“AN AMERICAN PICKLE” My rating: B- (HBO Max)
90 minutes | MPAA rating: PG-13
Before bogging down in a flabby middle section, HBO’s “An American Pickle” (aka “In A Pickle”) establishes itself as a gonzo comedy with more than a little soul.
The time-travel fantasy offers Seth Rogen in non-stoner mode as both a turn-of-the-last-century Eastern European Jew and as his modern great-great grandson.
Putting aside the complexities of filming this double performance (it was shot in two phases to give Rogen a time to grow a luxurious Tevye-type beard), “American Pickle” shows the slacker funny man has some serious acting chops.

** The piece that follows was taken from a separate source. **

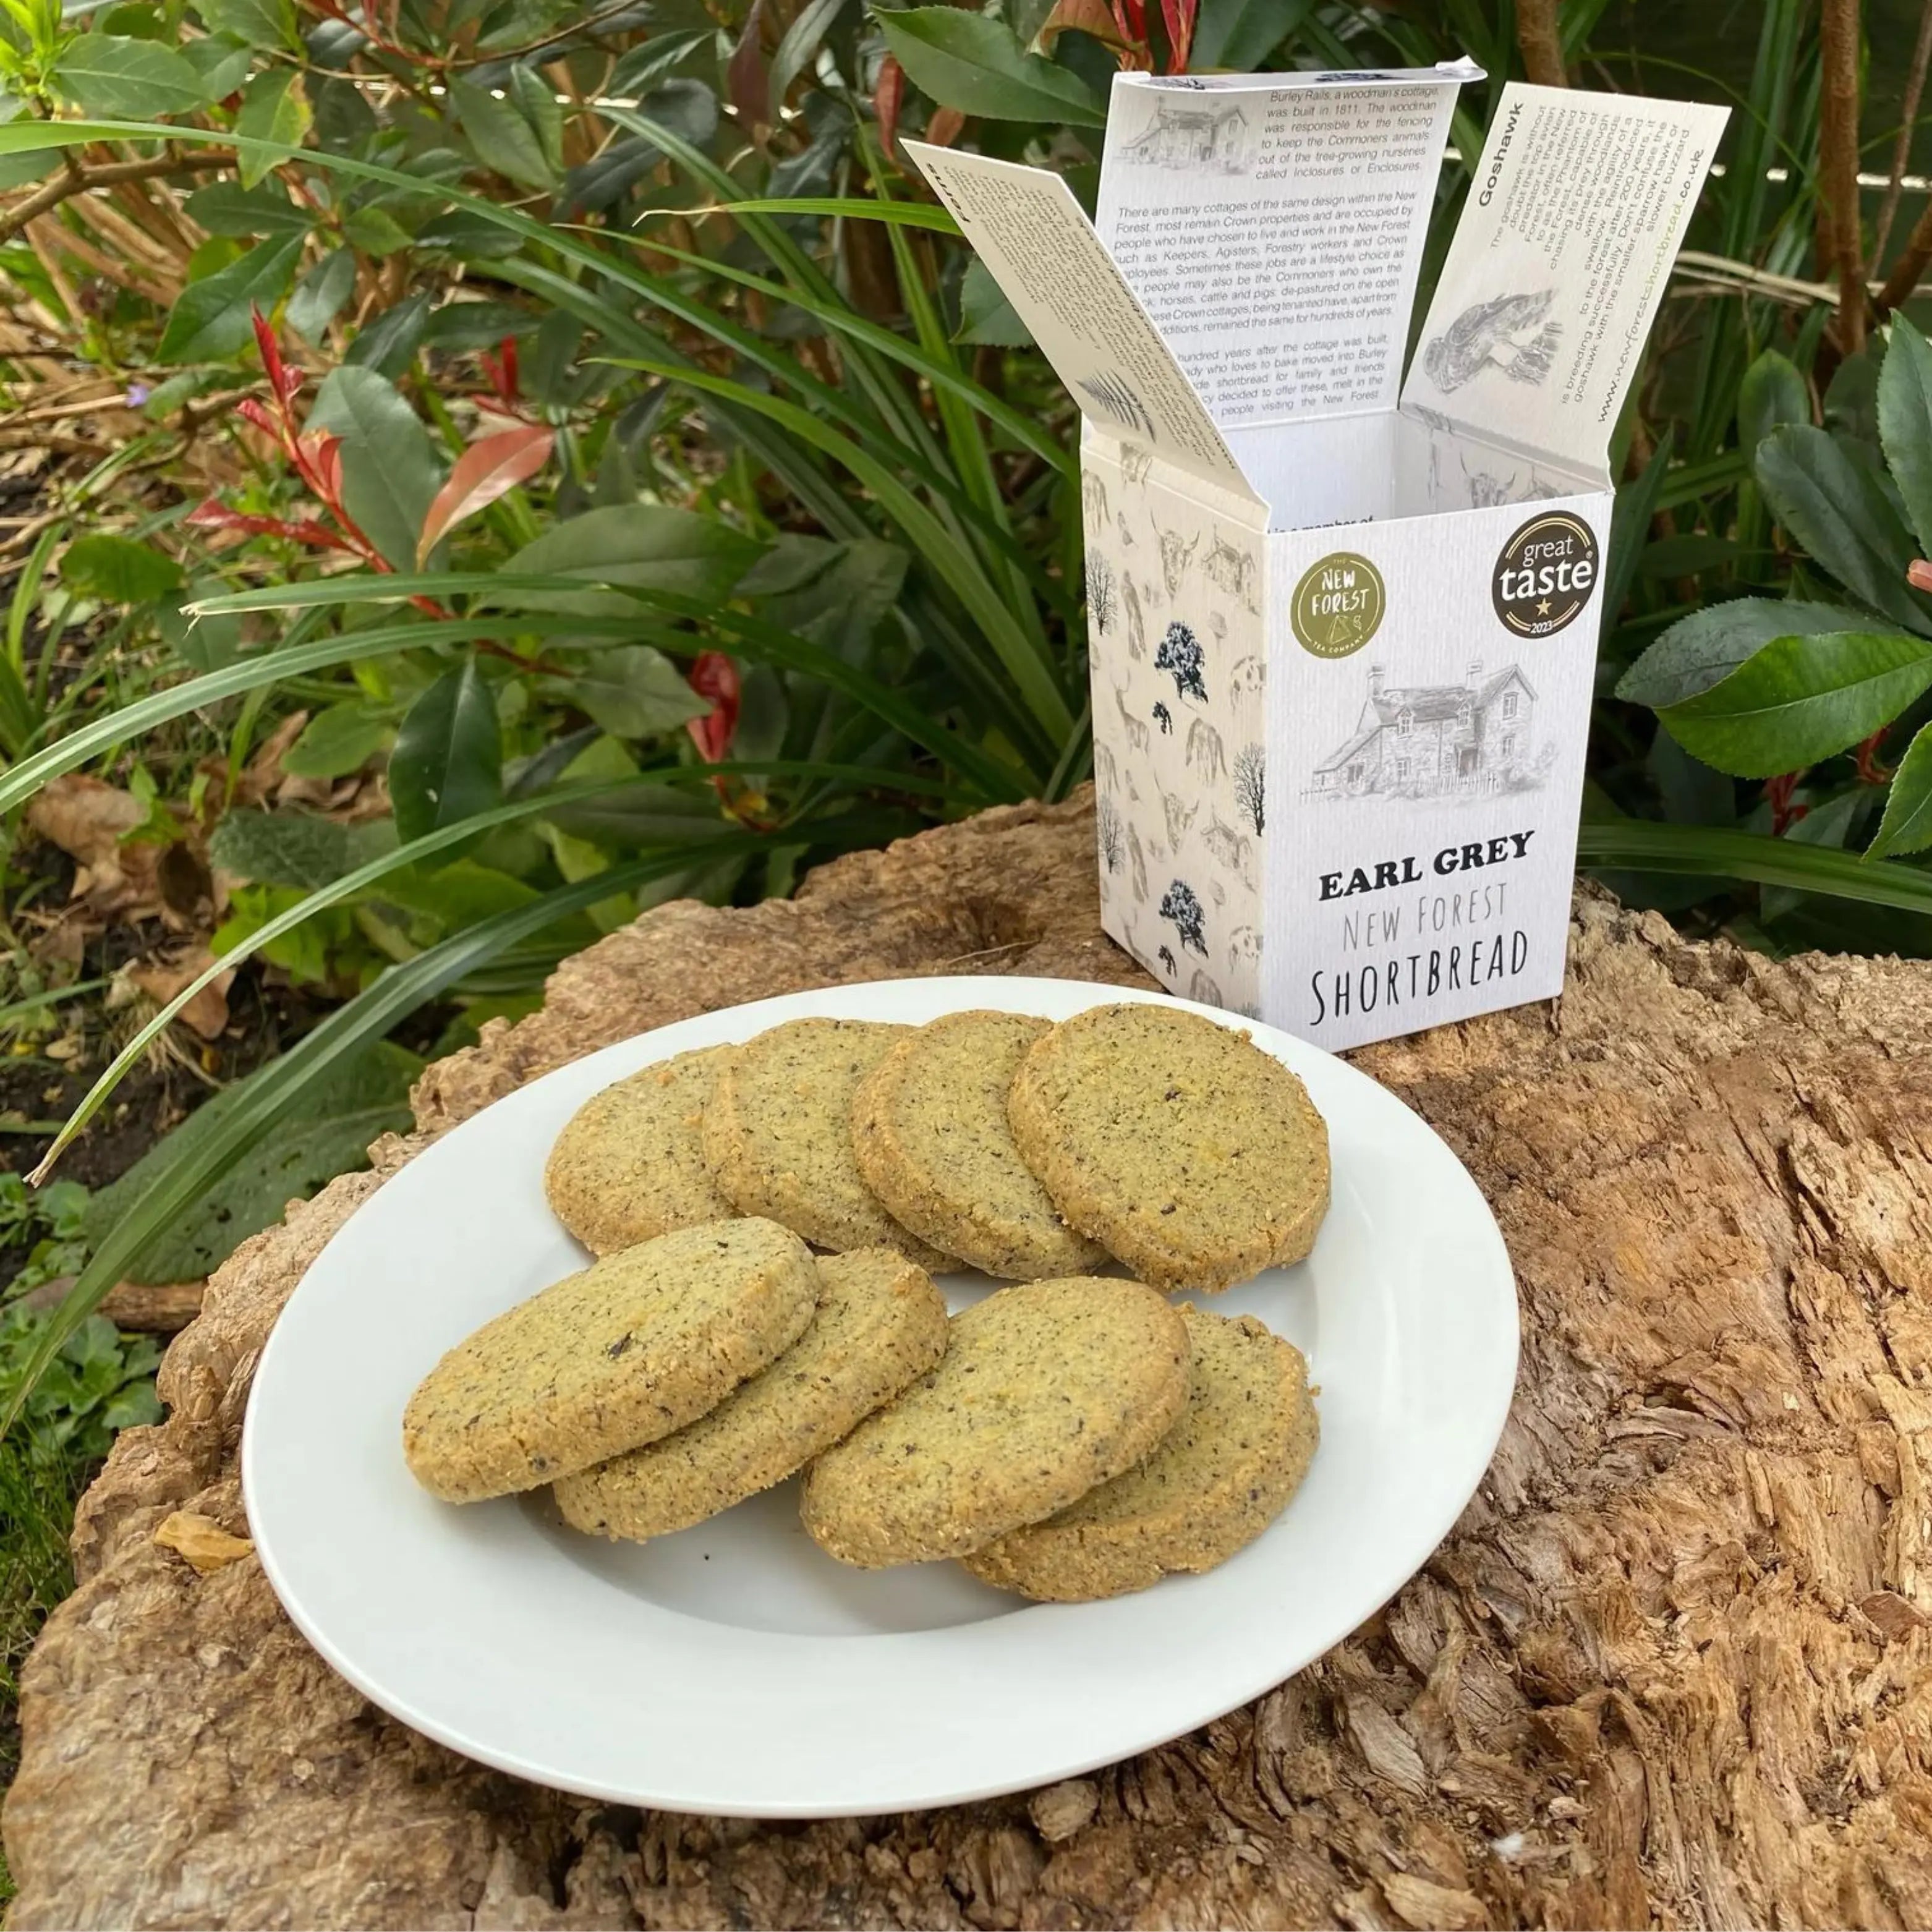 Earl Grey-infused shortbread: delicate, buttery cookies with a hint of bergamot, perfect for tea time indulgence.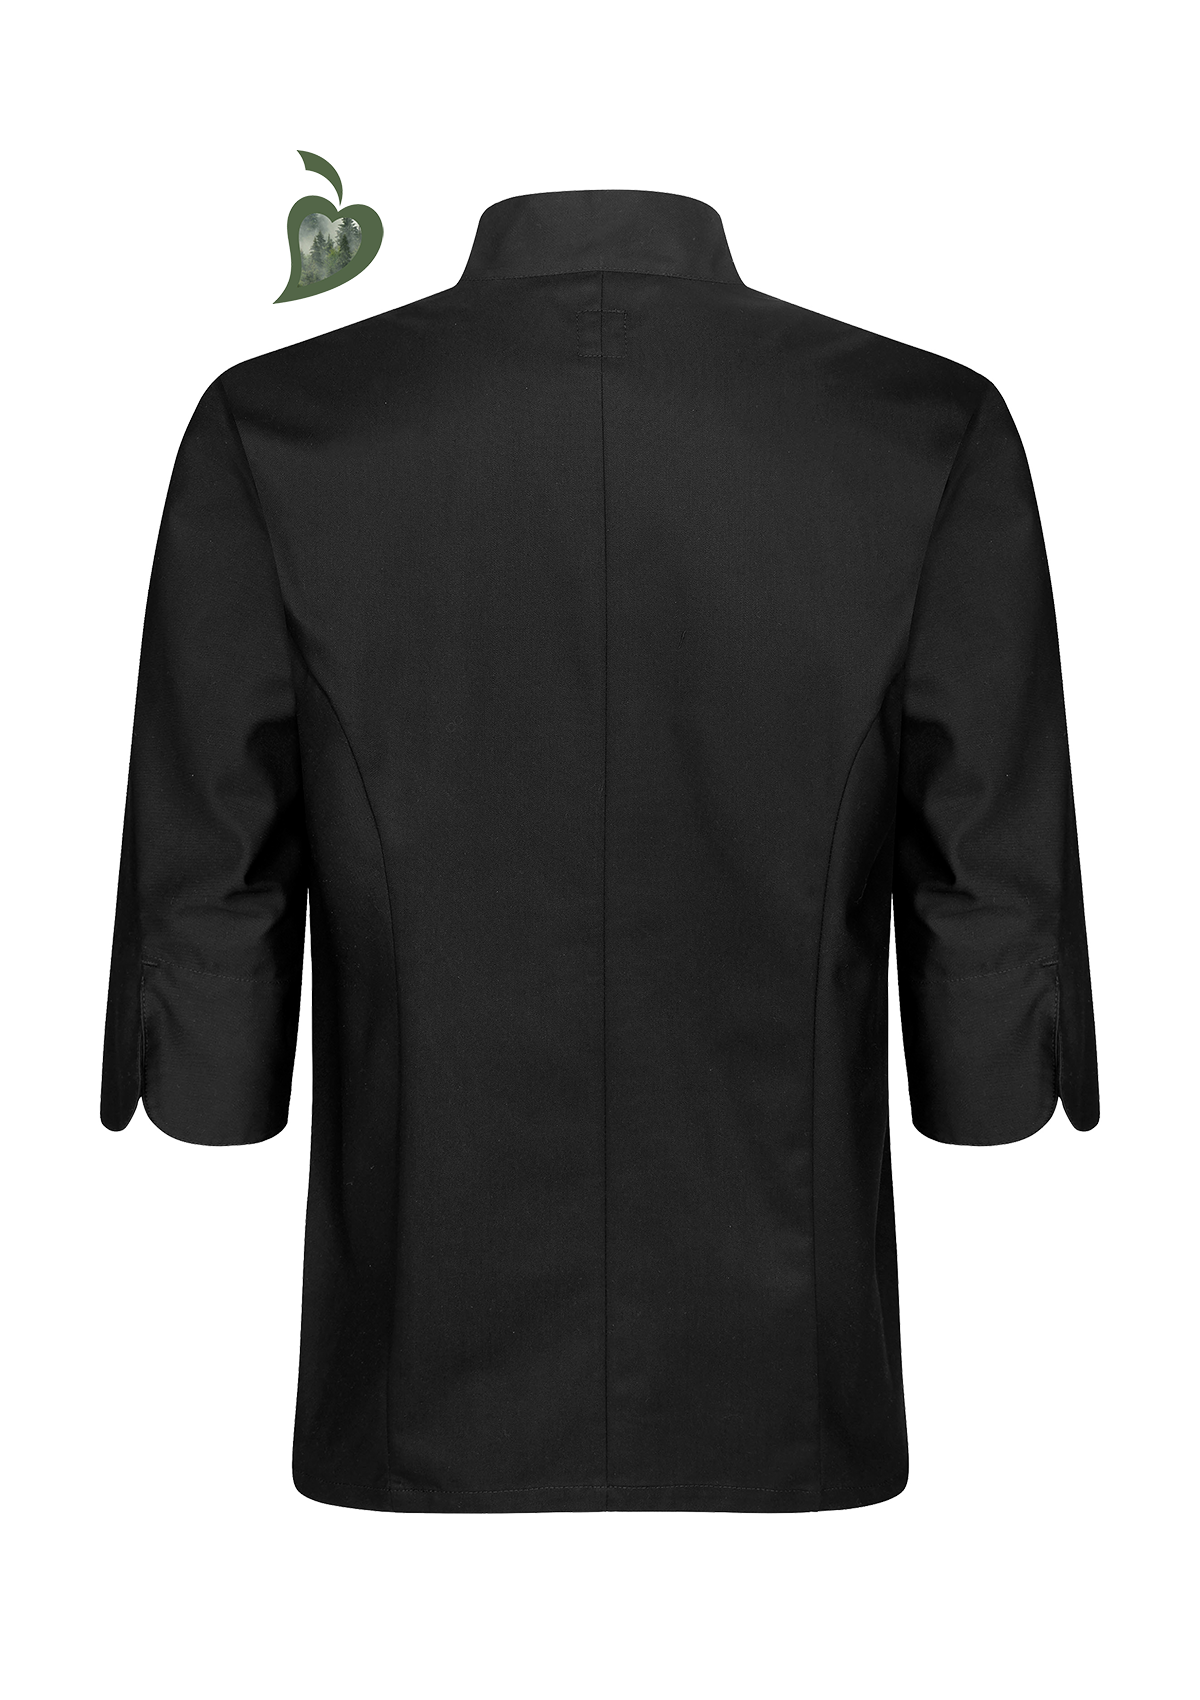 Unisex Chef's shirt Atacac with three-quarter sleeves. Segers | Cookniche

In a beautifully filmed prologue (using a square-frame format and pastel palette that evokes the earliest color photography) we witness the early life of Herschel (Rogen), a Jewish ditch digger in some Eastern European backwater circa 1919.
In a sweetly comic passage Herschel woos and weds Sarah (Sara Snook of HBO’s “Succession”); they then hop a boat to America where Herschel gets a job killing rats in a pickle factory and looks forward to the birth of their first child.
He dies in an industrial accident, falling into a vat of brine. Before anybody notices that Herschel is gone, the factory is shuttered. One hundred years later he awakens, perfectly preserved by the pickle juice.
What follows is both a fish-out-of-water yarn and a sort of dysfunctional family reunion. Herschel is united with his one living relation, great-grandson Ben (Rogen again), a dweeby app developer whose lack of success flies in the face of Herschel’s longheld belief that their family is destined for greatness.
When it becomes clear that the ineffectual Ben is a long shot for success, Herschel goes back to doing what he knows…pickles. He snaps up all the cucumbers at his local Brooklyn market and starts his own artisanal pickle company…much to the delight of his trendy millennial neighbors.
These early passages are terrific, dishing droll dialogue and amusing observations on the Jewish psyche.
At some point, though, “An American Pickle” (the script is by Simon Rich, the direction by Brandon Trost) runs out of steam and becomes bogged down in the Herschel/Ben conflict.
The good news is that it redeems itself in its final moments, returning to the sweet silliness that characterized the earliest passages.
Do I smell an Emmy nomination in Rogen’s future?